The Radial ProDI ($100 street) is an example of a passive DI box equipped with input, output, and thru jacks. In addition to high-Z-to-low-Z signal conversion, it has a cool trick up its metallic sleeve: a switchable -15 dB pad that lowers the signal at the unit’s input—a lifesaver if your instrument’s output is so hot that it creates clipping. (This is more likely to be an issue with electronic keyboards than an acoustic-electric guitar.) The ProDI also offers a ground-lift switch that can come in handy for breaking hum-causing ground loops.

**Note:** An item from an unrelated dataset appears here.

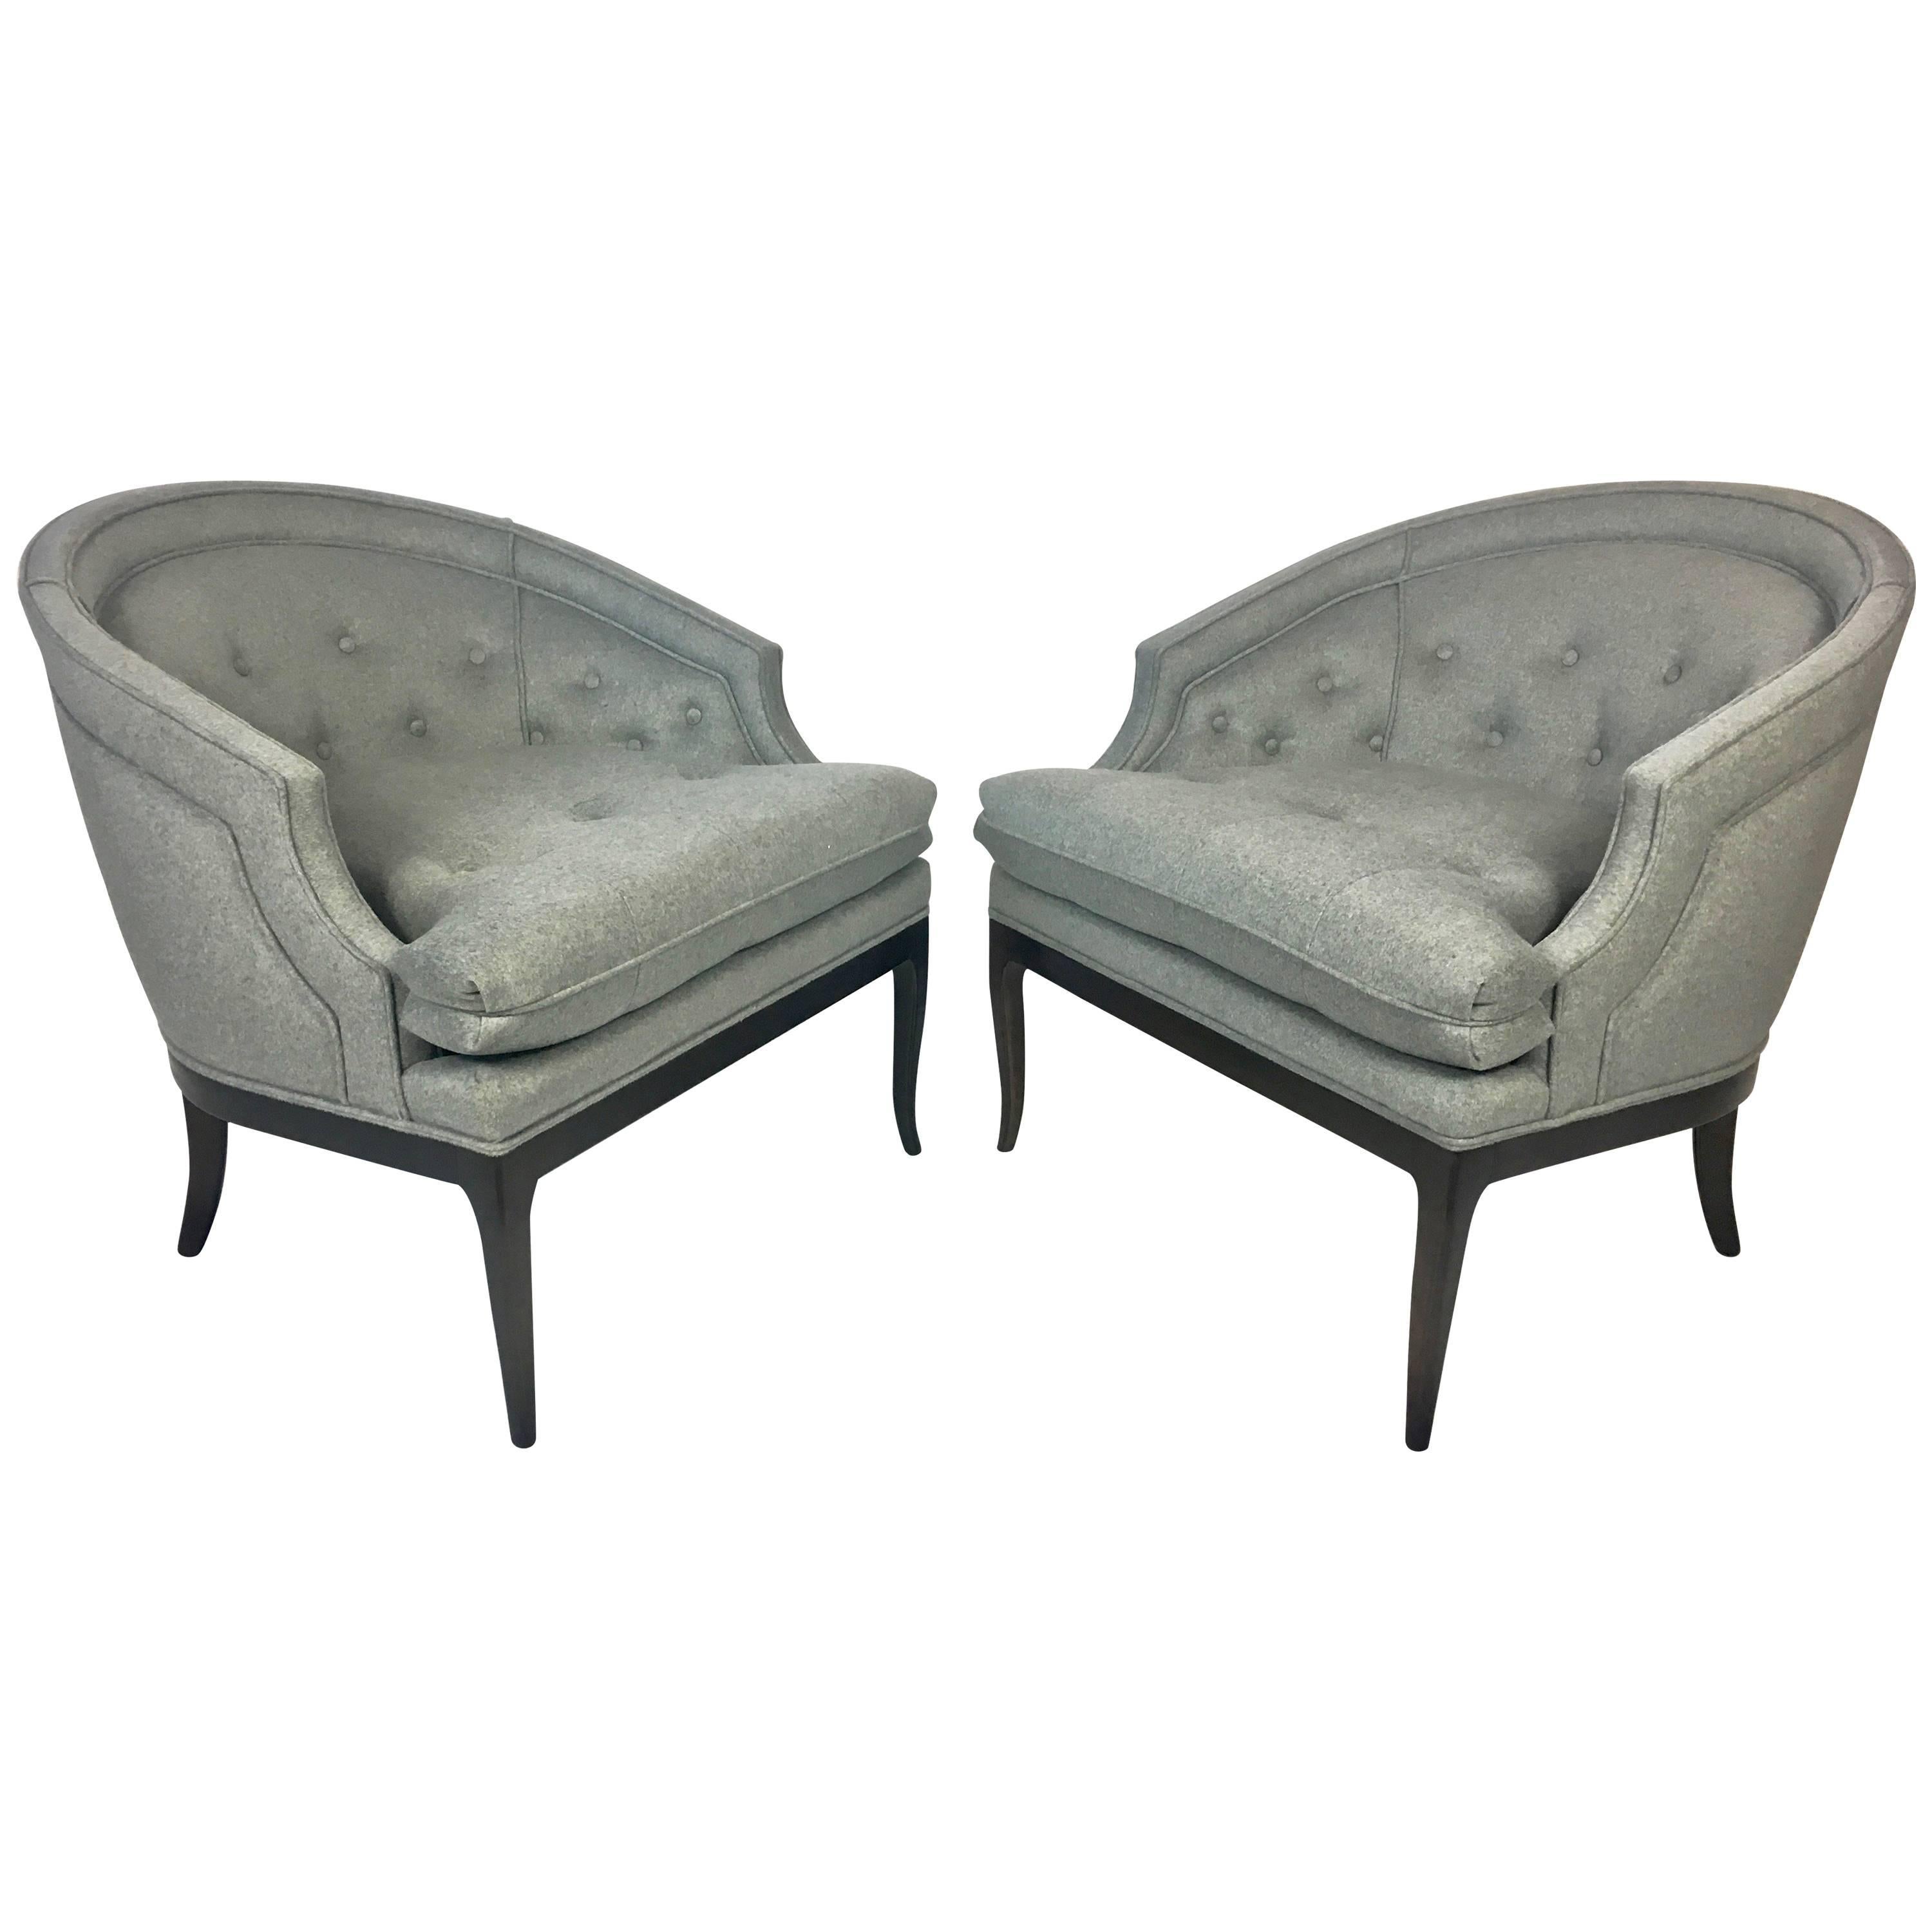 Pair of Labelled Widdicomb Lounge Chairs by T.H. Robsjohn-Gibbings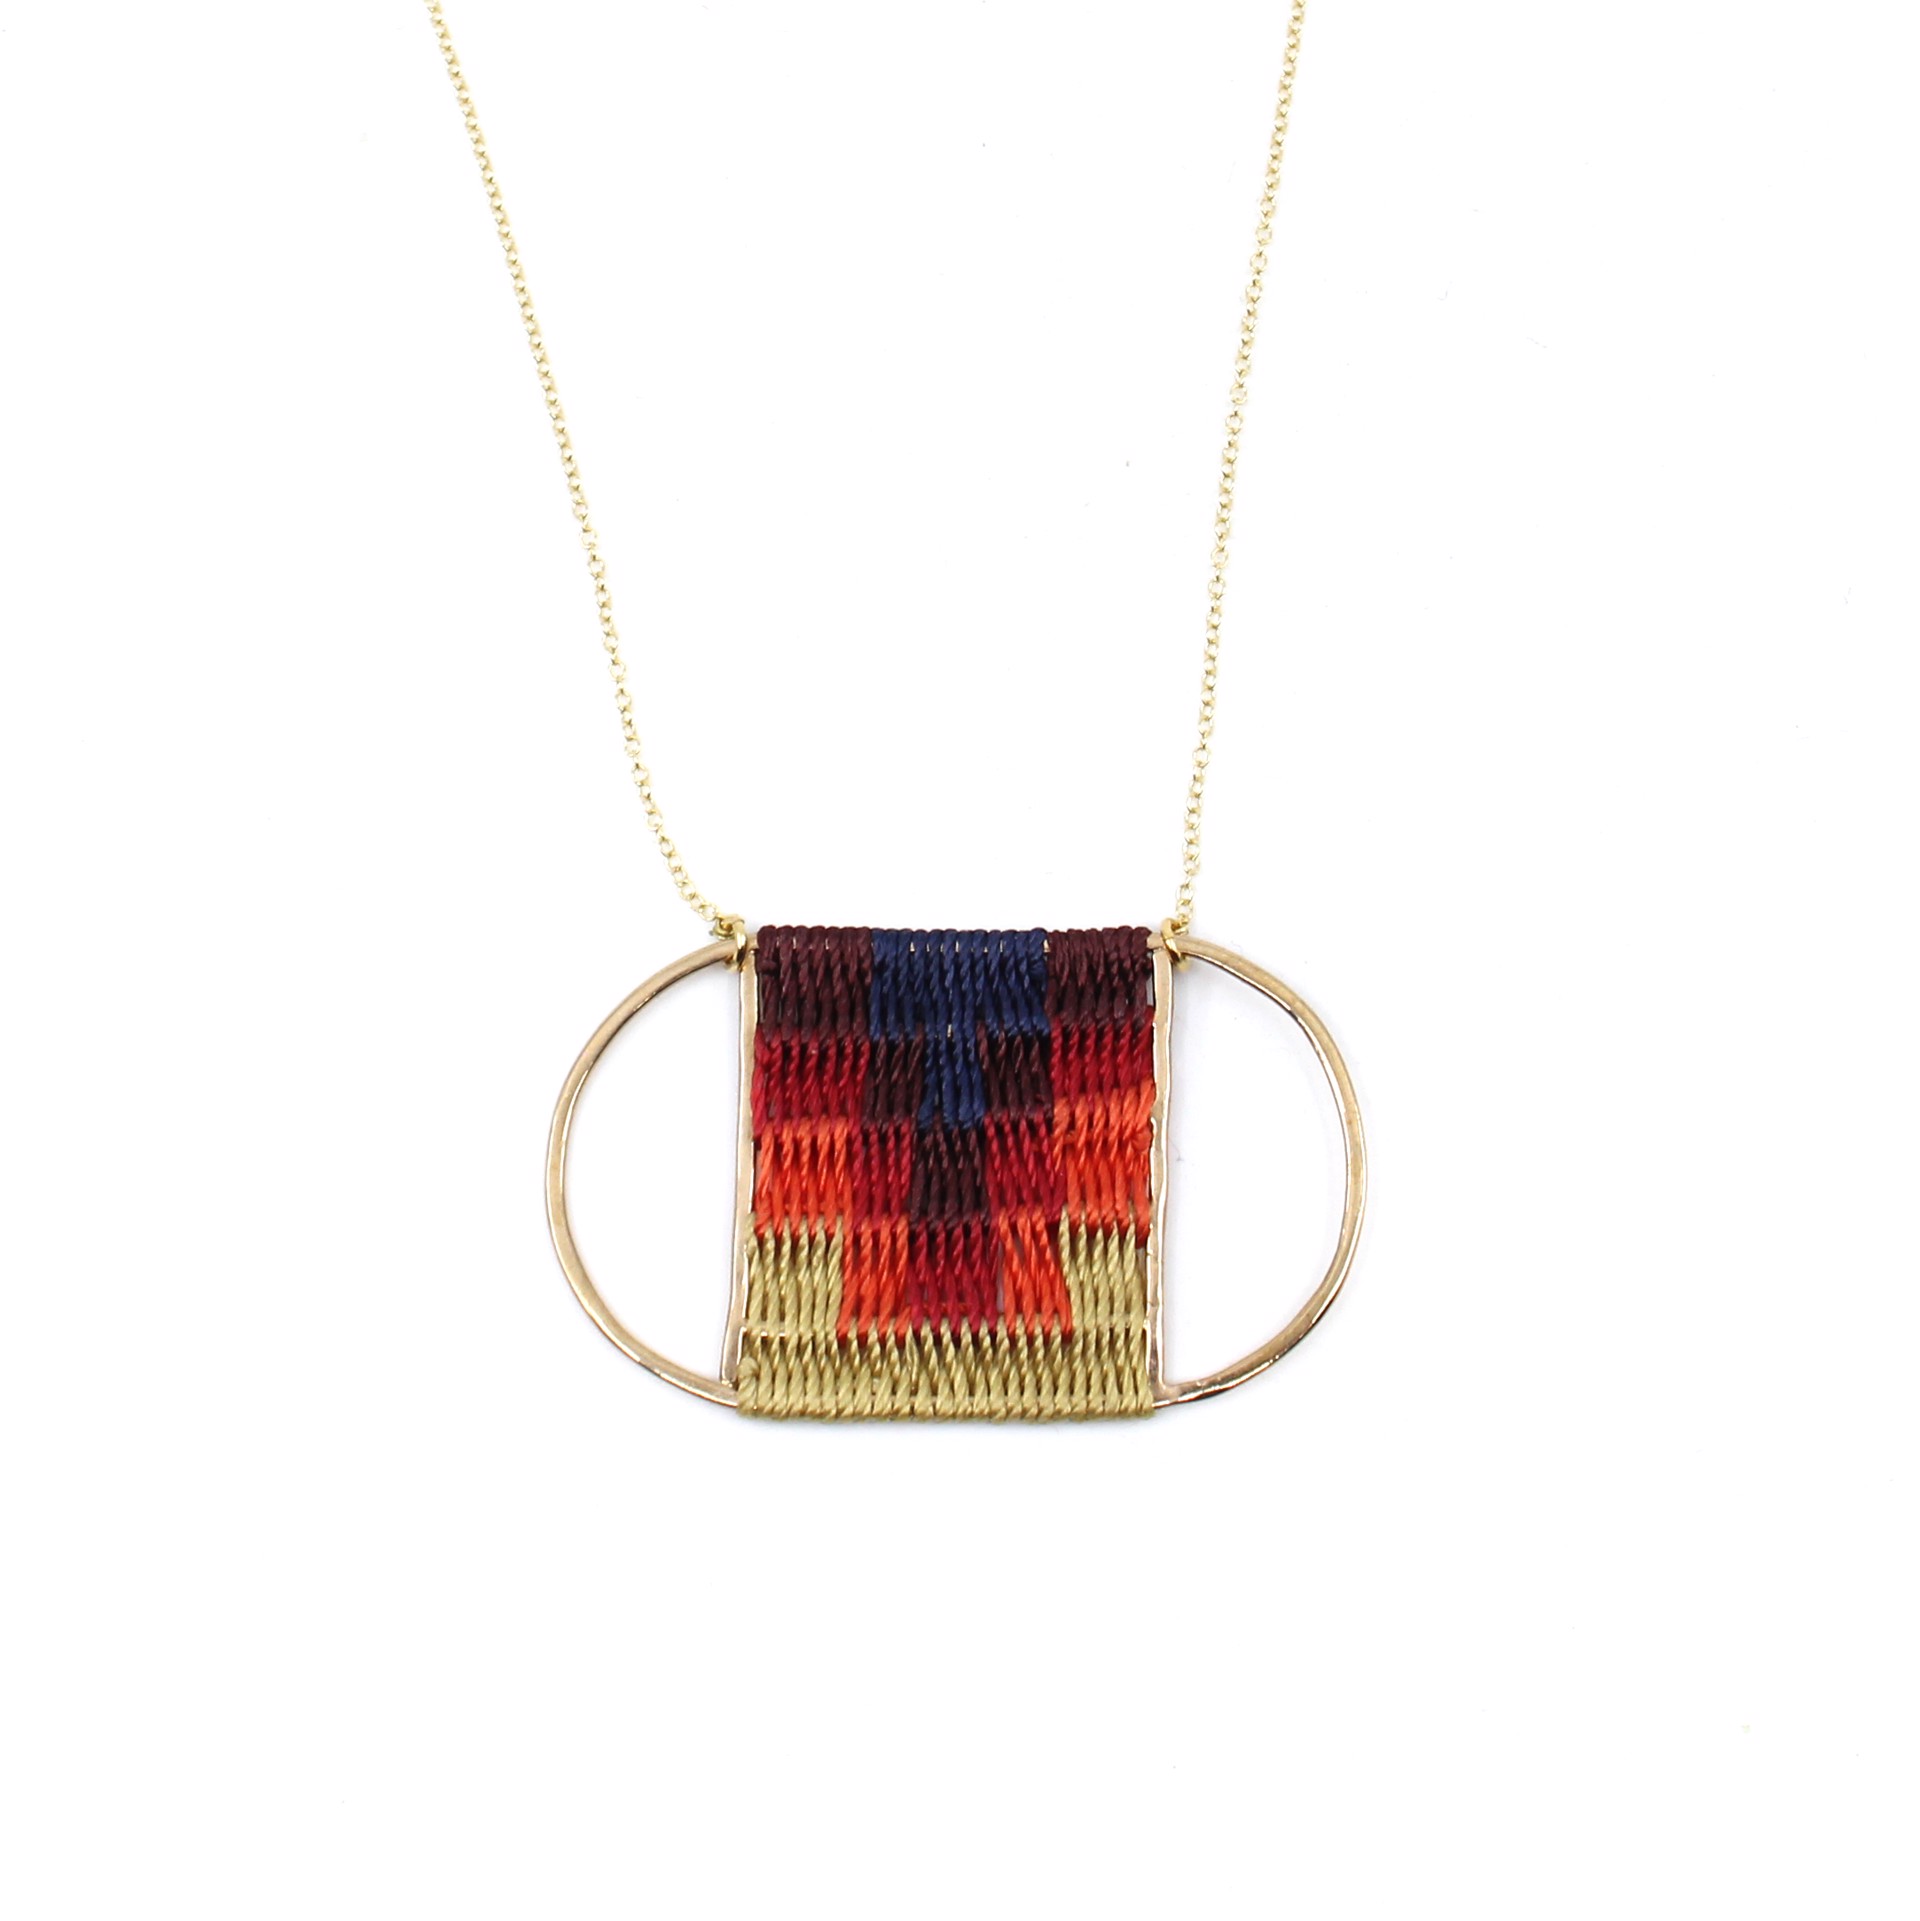 Flag Necklace by Flag Mountain Jewelry

If your guitar has an onboard preamp, then a simple passive DI like Radial Engineering’s ProDI offers everything you need to connect to a studio console or venue’s mixing board: a 1/4" input and low-Z XLR output. It also has a “thru” jack to route your signal to a stage amp, which you can use as a personal monitor. This affordable workhorse has two extra goodies—a switchable -15dB pad and ground-lift switch. Photo by Mark Marshall

The Hybrid Evolution
DI boxes have been around since the dawn of pro audio, but as more acoustic guitarists began plugging into sound systems, forward-thinking manufacturers started to take a closer look at what pickers really need when performing at a venue or tracking in a home studio. If your guitar has an onboard preamp, a passive DI box may be enough to get the job done. But companies that specialize in acoustic amplification, such as Fishman and L.R. Baggs, realize that while many guitarists may have soundhole pickups or under-saddle transducers mounted in their axes, they prefer to run these through outboard gear, instead of relying on an onboard preamp that could become outdated in a few years. Why not create a hybrid device that combines a DI and an active preamp with EQ, feedback suppression circuitry, a tuner, and other tools specifically aimed at the acoustic-electric market?

Wrapping these tools into a single, convenient package makes sense because it streamlines and simplifies an acoustic guitarist’s rig. Such active DIs, which, depending on their design, get their juice from a 9V battery, an external power supply, or sometimes phantom power from a mixing console, also include many other features that passive DIs lack. Let’s discuss some of them.